Enquanto eu procurava mentalmente alguma coisa para dizer, o
poeta americano Mac Oliver exclamou: "Mas, olha aí, é o Seamus
Heaney!" (para o próprio). Uma
jornalista do "Irish Times" que
acompanhava o poeta emendou:
"Pronto! Você foi reconhecido de
novo!". Mas Seamus Heaney, ao
nos ver com Justin Quinn, adivinhou quem éramos e virou para
mim, sorrindo: "Puxa, eu estava
para telefonar para você, por causa da entrevista". Ao que eu respondi: "Mentira! Você detesta ser
entrevistado".
Nunca imaginei que a primeira
palavra que eu iria dirigir ao Nobel de Literatura de 1995 seria para chamá-lo de mentiroso, ainda
que no bom sentido. Entretanto
aqui está a entrevista, tentando
reproduzir a longa conversa que
tivemos sobre poesia, clássicos,
política e Irlanda.
Na semana seguinte, fomos à biblioteca central em Harvard, onde
tínhamos marcado encontro, levando alguns presentes, dentre
eles um livro do fotógrafo Sebastião Salgado e uma garrafa do
bourbon Maker's Mark. Heaney
desfez a embalagem e, ao ver o lacre vermelho da tampa, disse,
com sua voz de barítono irlandês:
"Ah! Maker's Mark!".
Assim que ele abriu a garrafa,
surgiu o problema dos copos
-não dispúnhamos de nenhum.
Mac disse, brincando, que, se soubesse, teria trazido uma garrafa de
Rebel's Yell, que tem um anel de
vidro que permite que se beba no
gargalo. Heaney completou: "Ah,
sabe quem me deu uma vez uma
garrafa de Rebel's Yell? Um bebedor de respeito". Ele parou um
pouquinho, para fazer suspense, e
completou: "Elizabeth Bishop!".
Mais tarde, no mesmo dia, antes
de ler seus poemas num auditório
de Harvard, Heaney comentou
que o escritor e jornalista Flann
O'Brien sempre dizia que não
existe uma garrafa de whisky
grande -frase que Marie, sua
mulher, sempre completava, dizendo que também não existe
uma leitura curta de poesia.
(ELIDE V. OLIVER)
Folha - Nós relemos recentemente "Glenmore Revisited
Sonnets", uma sequência de sonetos do livro "Seeing Things",
sondando as suas armadilhas...
Seamus Heaney - Pois é, eu estou tentando achar um título para
um novo livro, que ainda não está
pronto. Hoje, parece que eu achei
um: "Tenders". No sentido de tratar alguém com o devido carinho,
de oferecer algo. Não esquecendo
também a conotação militar do
termo... Vamos dizer que gosto da
idéia de convite que há na palavra.
Folha - De que tamanho vai
ser o livro?
Heaney - Estou pensando numa
coisa por volta de 60 ou 70 páginas. Quero que ele saia logo, assim, quase inesperadamente.
Folha - Como você traduz?
Heaney - Bom, eu gostaria de
pensar que algumas das traduções que estou fazendo agora são
simplesmente traduções, como a
de "Beowulf" (poema épico composto na primeira metade do século 8º e escrito predominantemente em saxão ocidental). Não
estou fazendo uma imitação. Claro, não se pode simplesmente traduzir, mas estou trabalhando
dentro de certas condições. É uma
edição cuja tradução é dada linha
a linha, com notas. Trabalho como um estudante de quarto ano,
olhando as palavras no glossário
de novo, escrevendo umas dez ou
15 linhas por dia, num dia produtivo. É um trabalho vagaroso e requer humildade.

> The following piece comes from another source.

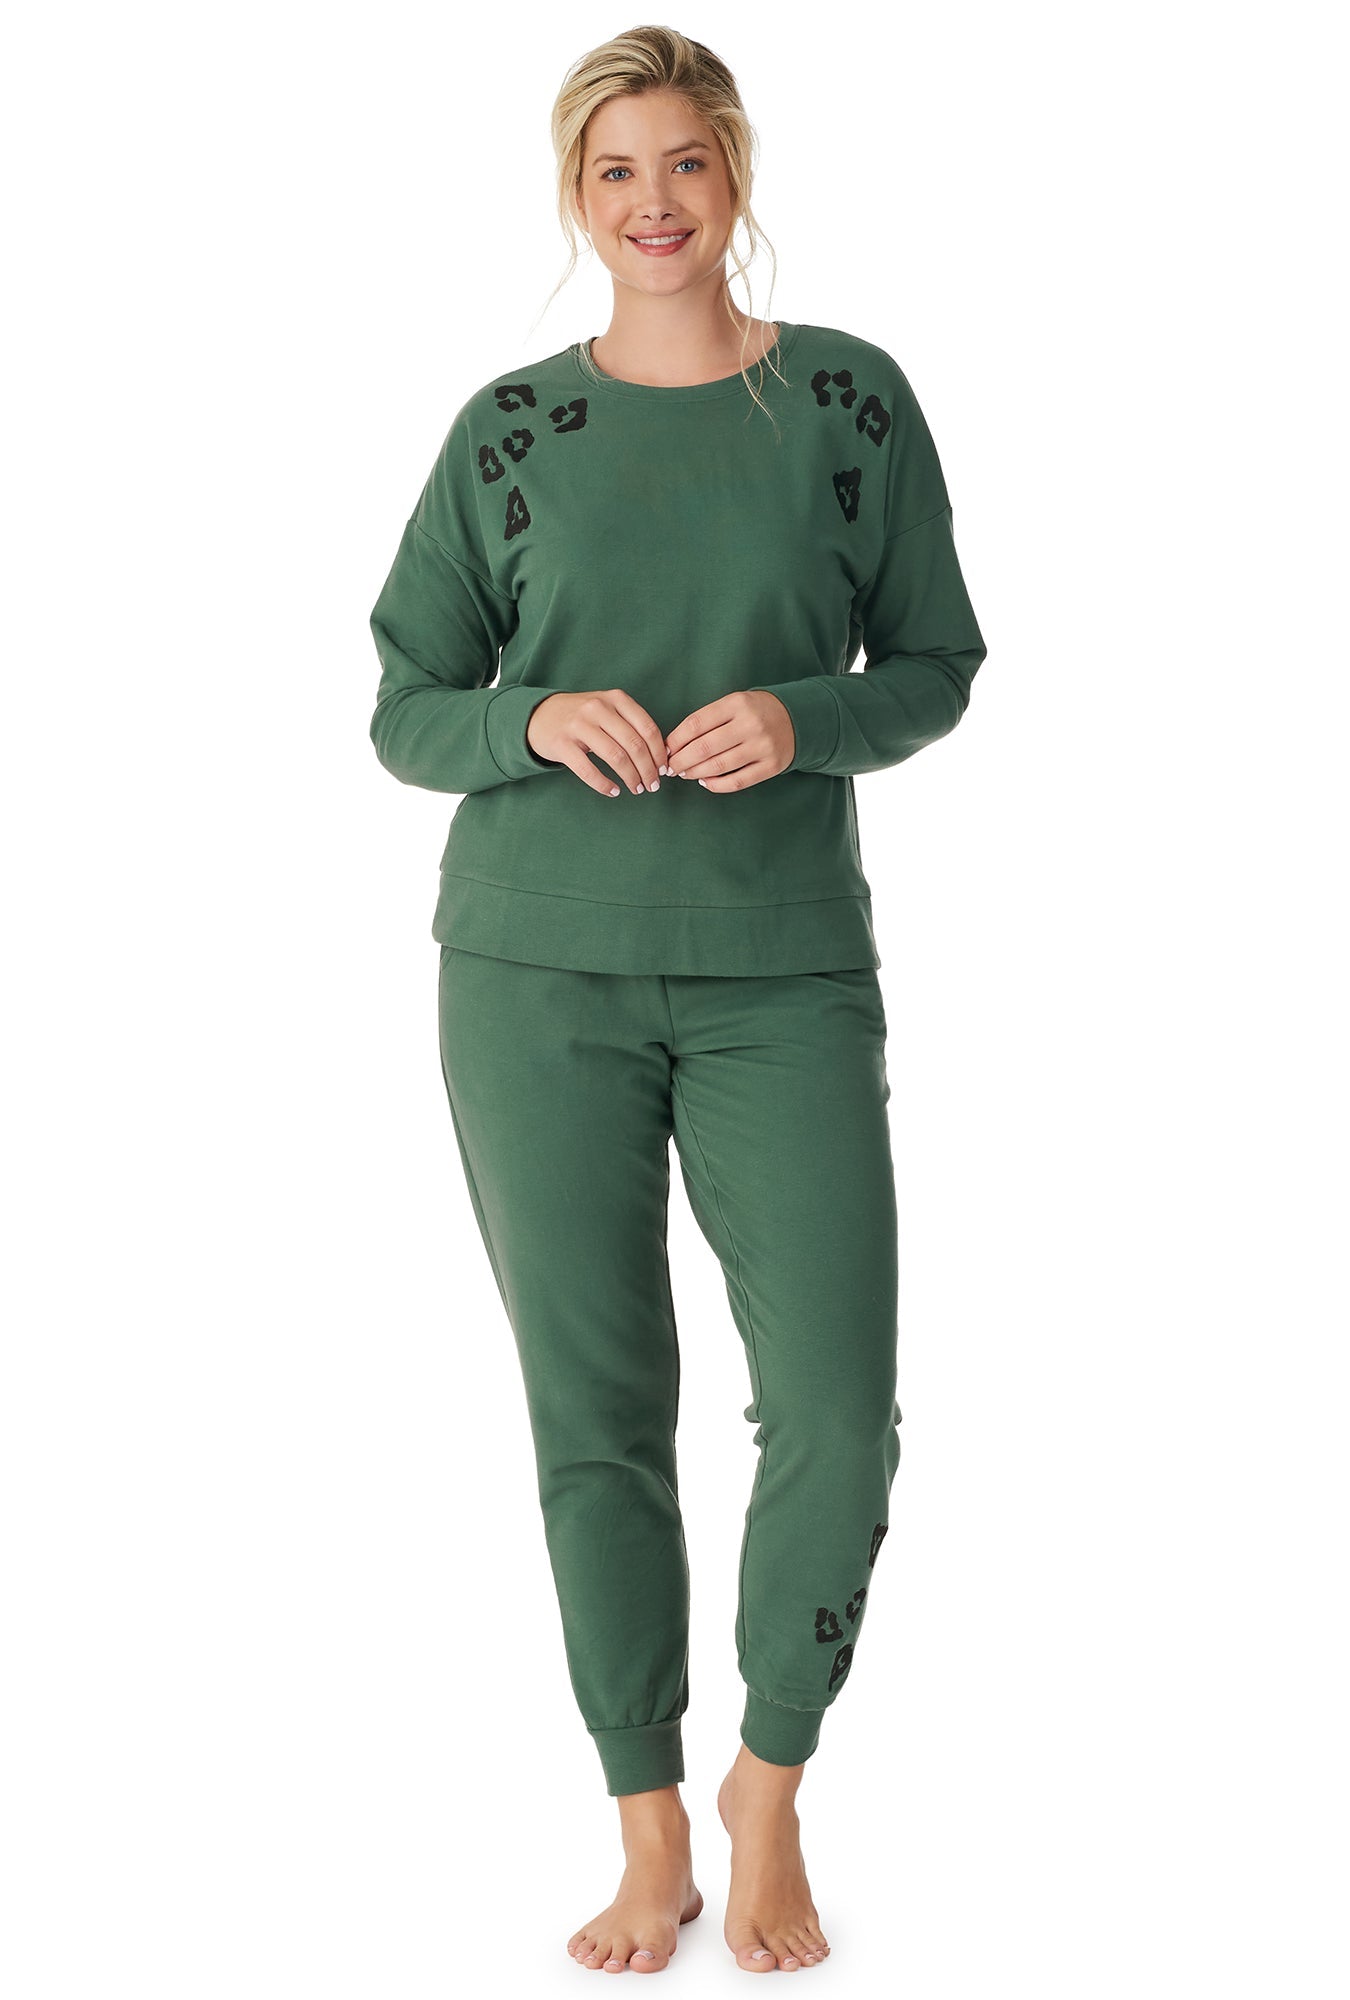 A lady wearing a green long sleeve crew embroidered lounge set.

Tenho traduzido uns poemas
do celta nesses últimos anos e
com esses tentei manter o metro e
ficar o mais próximo possível do
sentido. Traduzi o "Sweeney"
anos atrás, um trabalho meio longo. Foi por volta de 72, 73, e usei o
original como um trampolim, para me lançar numa forma de inglês que era um tanto diferente.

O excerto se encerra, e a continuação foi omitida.